There is a constant discussion and debate about the lack of female directors working today, one mostly connected with how this disturbing trend of inequality needs to be rectified as soon as possible. If French filmmaker Claire Denis is any indication, it’s proof positive that audiences around the world need to embrace a gender minority and halt the discrimination that might discourage other potential auteurs from emerging. With a directorial style that feels to be in dialogue with female peers such as Jane Campion and Lynne Ramsay, Denis might not just be one of the best female directors working today, but one of the most unique and impressive, period. Projecting a distinct voice, she continues to make stimulating works that are in a artistic league of their own. With her latest film, Bastards — which clearly should have been featured as part of the Cannes main competition (as opposed to Un Certain Regard) — Denis explores a dark tale of redemption and perception of identity.
While out at sea, supertanker captain Marco Silvestri (Vincent Lindon) receives an urgent call from his sister, Sandra (Julie Bataille), that beckons him to return to Paris immediately. Sandra’s husband had committed suicide while her daughter, Justine (Lola Créton), has been traumatized by a brutal rape. Determined to bring those responsible for such a heinous crime to justice, Marco embarks on an personal investigation to avenge his niece. When Sandra points the finger of blame on a wealthy businessman, Edouard Laporte (Michel Subor) — who eerily and, perhaps intentionally, bears a distinct resemblance to Dominique Strauss-Kahn — he begins observing Laporte as a means of uncovering clues as to what happened. Marco sells off all his worldly possessions and moves into a posh apartment complex where Laporte’s mistress and son are living; the deeper Marco finds himself in this seedy underground playground of the uber elite, the muddier the waters of truth become.
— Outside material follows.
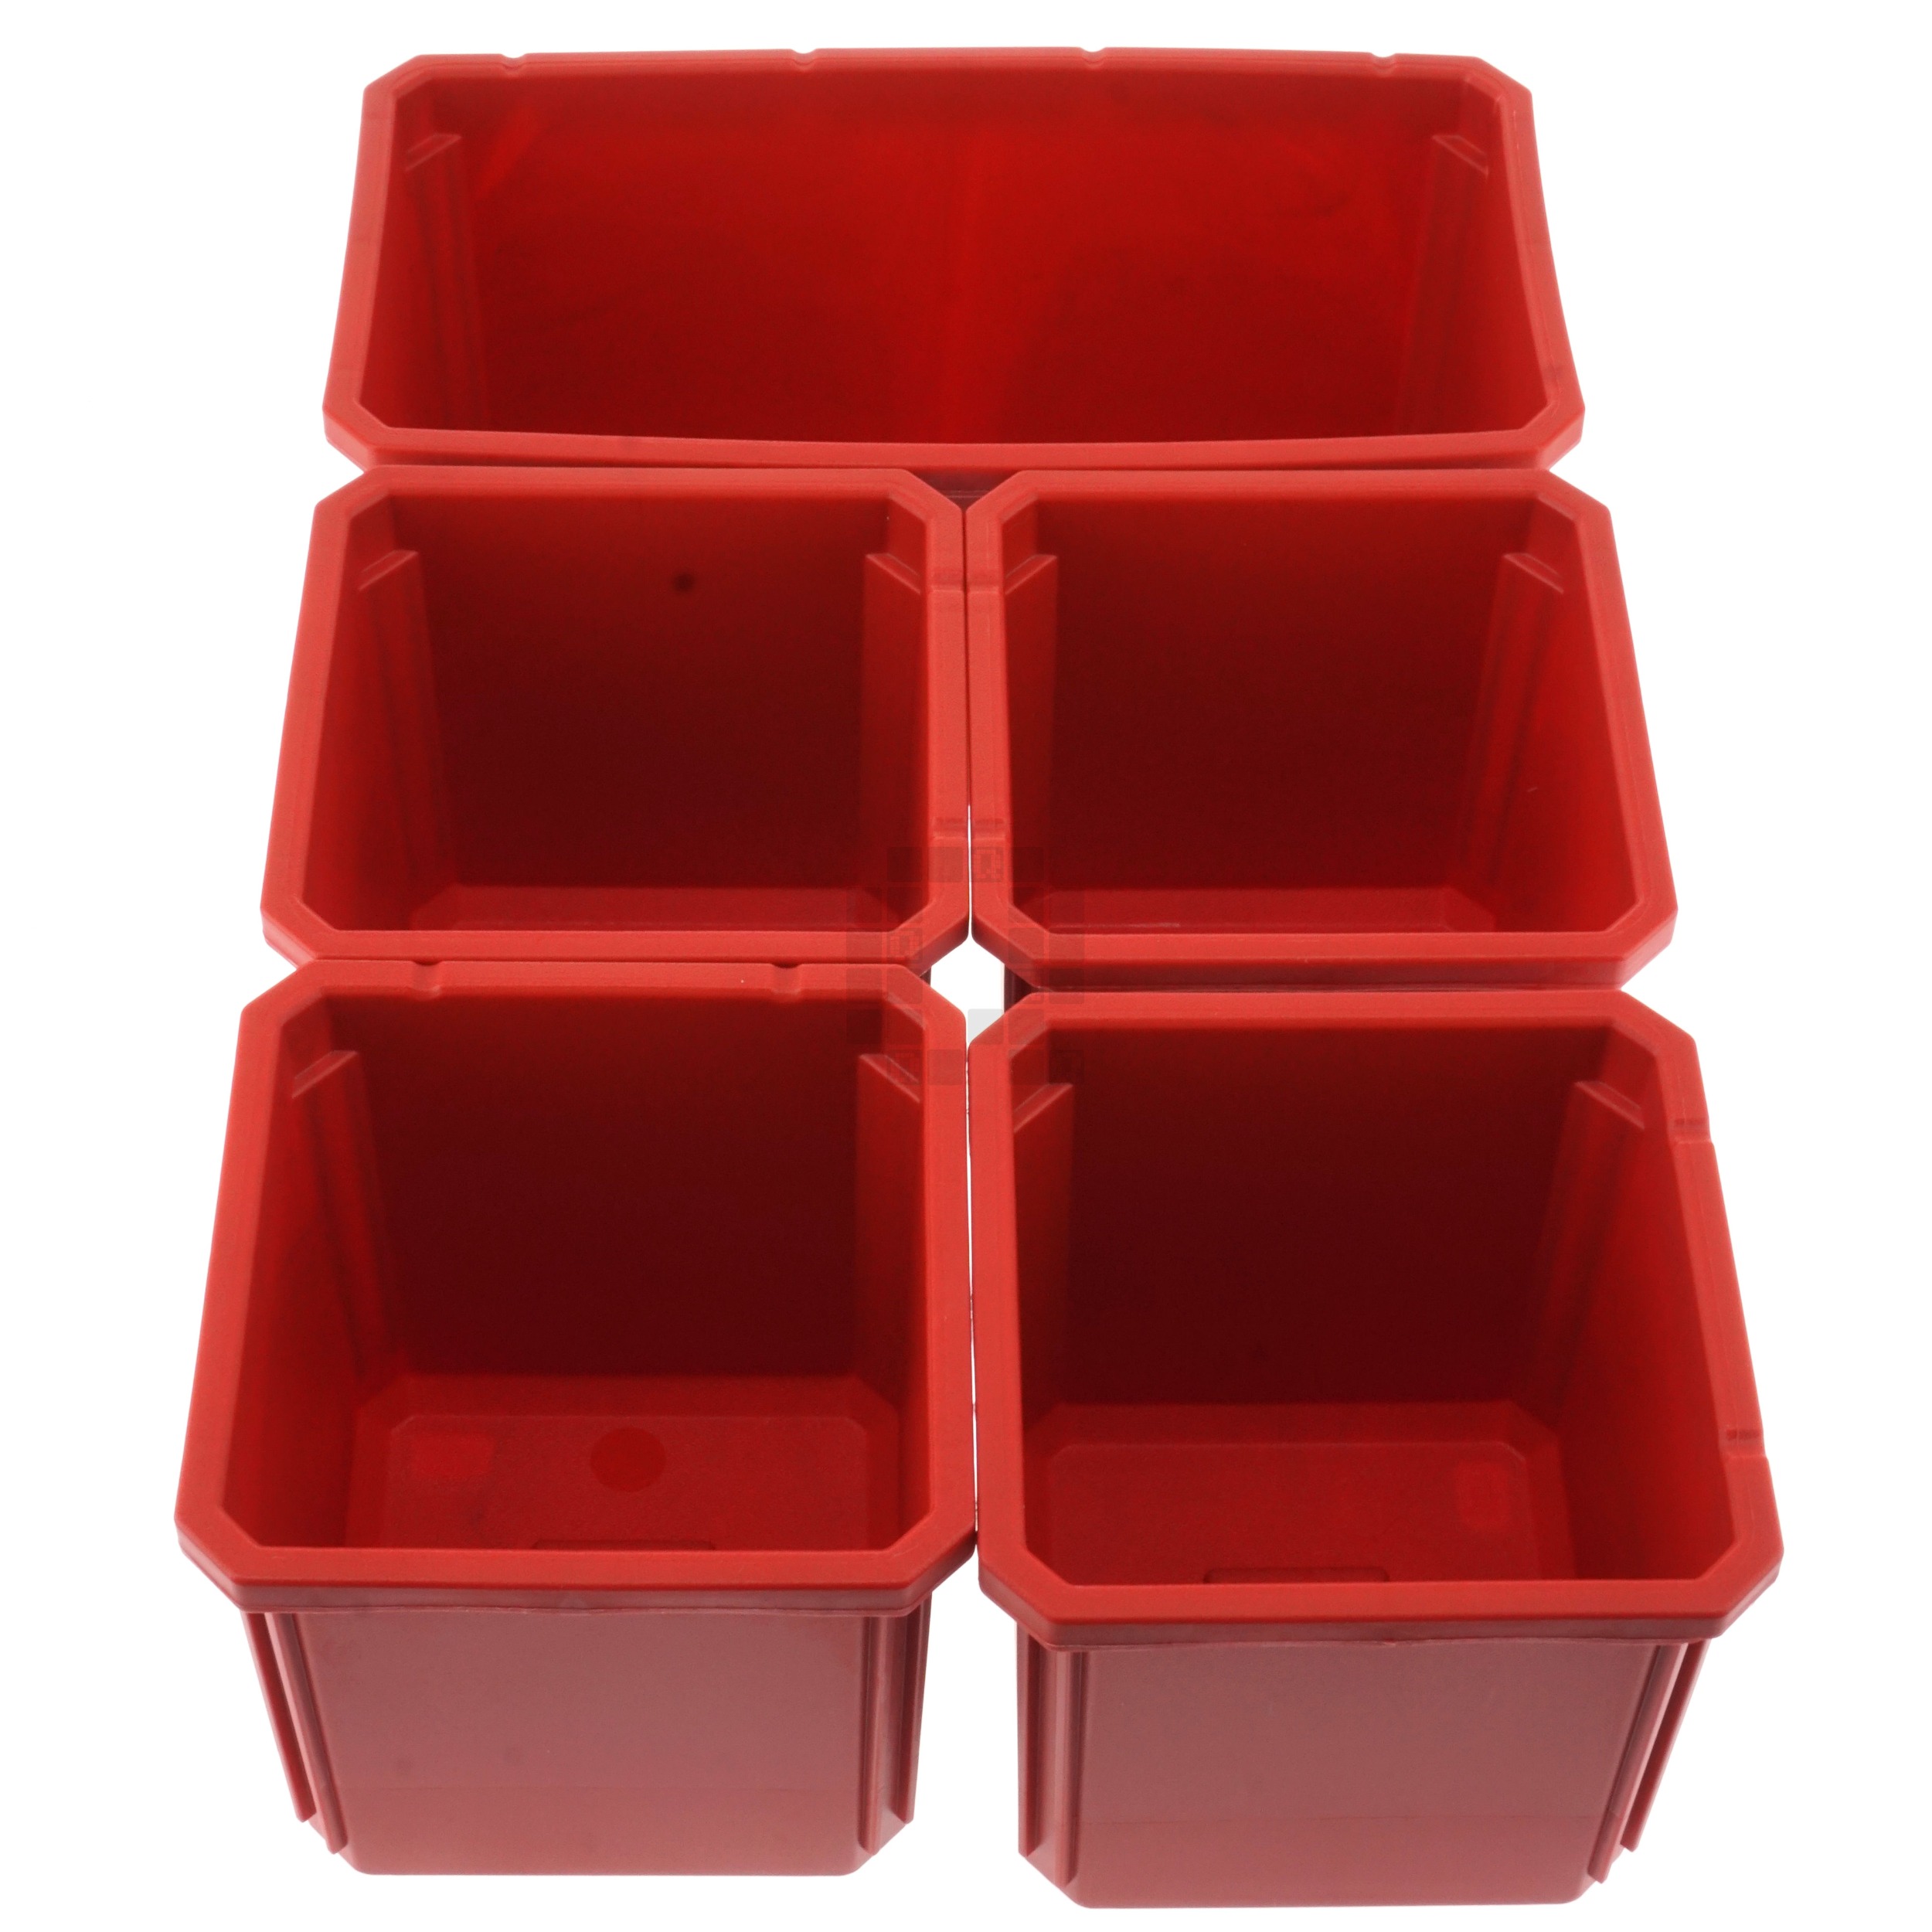 Milwaukee 31-01-0501 PACKOUT Removeable Bin Kit, 4 Small and 1 Big

Denis has a commanding grasp on composition and character, juxtaposing intense emotional scenes with shots whose visual character nearly broaches the area of abstraction. Extended shots of rain drops, longing glances, and ominous long takes of moving cars are strictly present to heighten an uncomfortable mood, and the mystery to her presentation provides an enigmatic quality to every scene, further elevated by jumping back and forth in time without it being evident to the viewer. Driving it further is a creepy ambient techno score from music group Tindersticks, their work tonally matching to a purported paranoia beating throughout. As the story spirals to its unforeseen and profoundly disturbing conclusion, the film never waivers in revealing its hand, keeping secrets close until the very last revelatory shots.
Denis is not merely as fine a living example that you should never discount a filmmaker based on their sex, but a cinematic force to be reckoned with all her own. Packing in thematic metaphors about the secrecy of elitist people, the world of their mistresses, and their obsessive vices no matter how disturbing, the subtle emotional layers in this experience are vast while incongruous to what we are shown. Bastards is an effective thriller that lingers long after its final moments, and further striking evidence that Denis is one of the most fascinating artists this medium can call its own.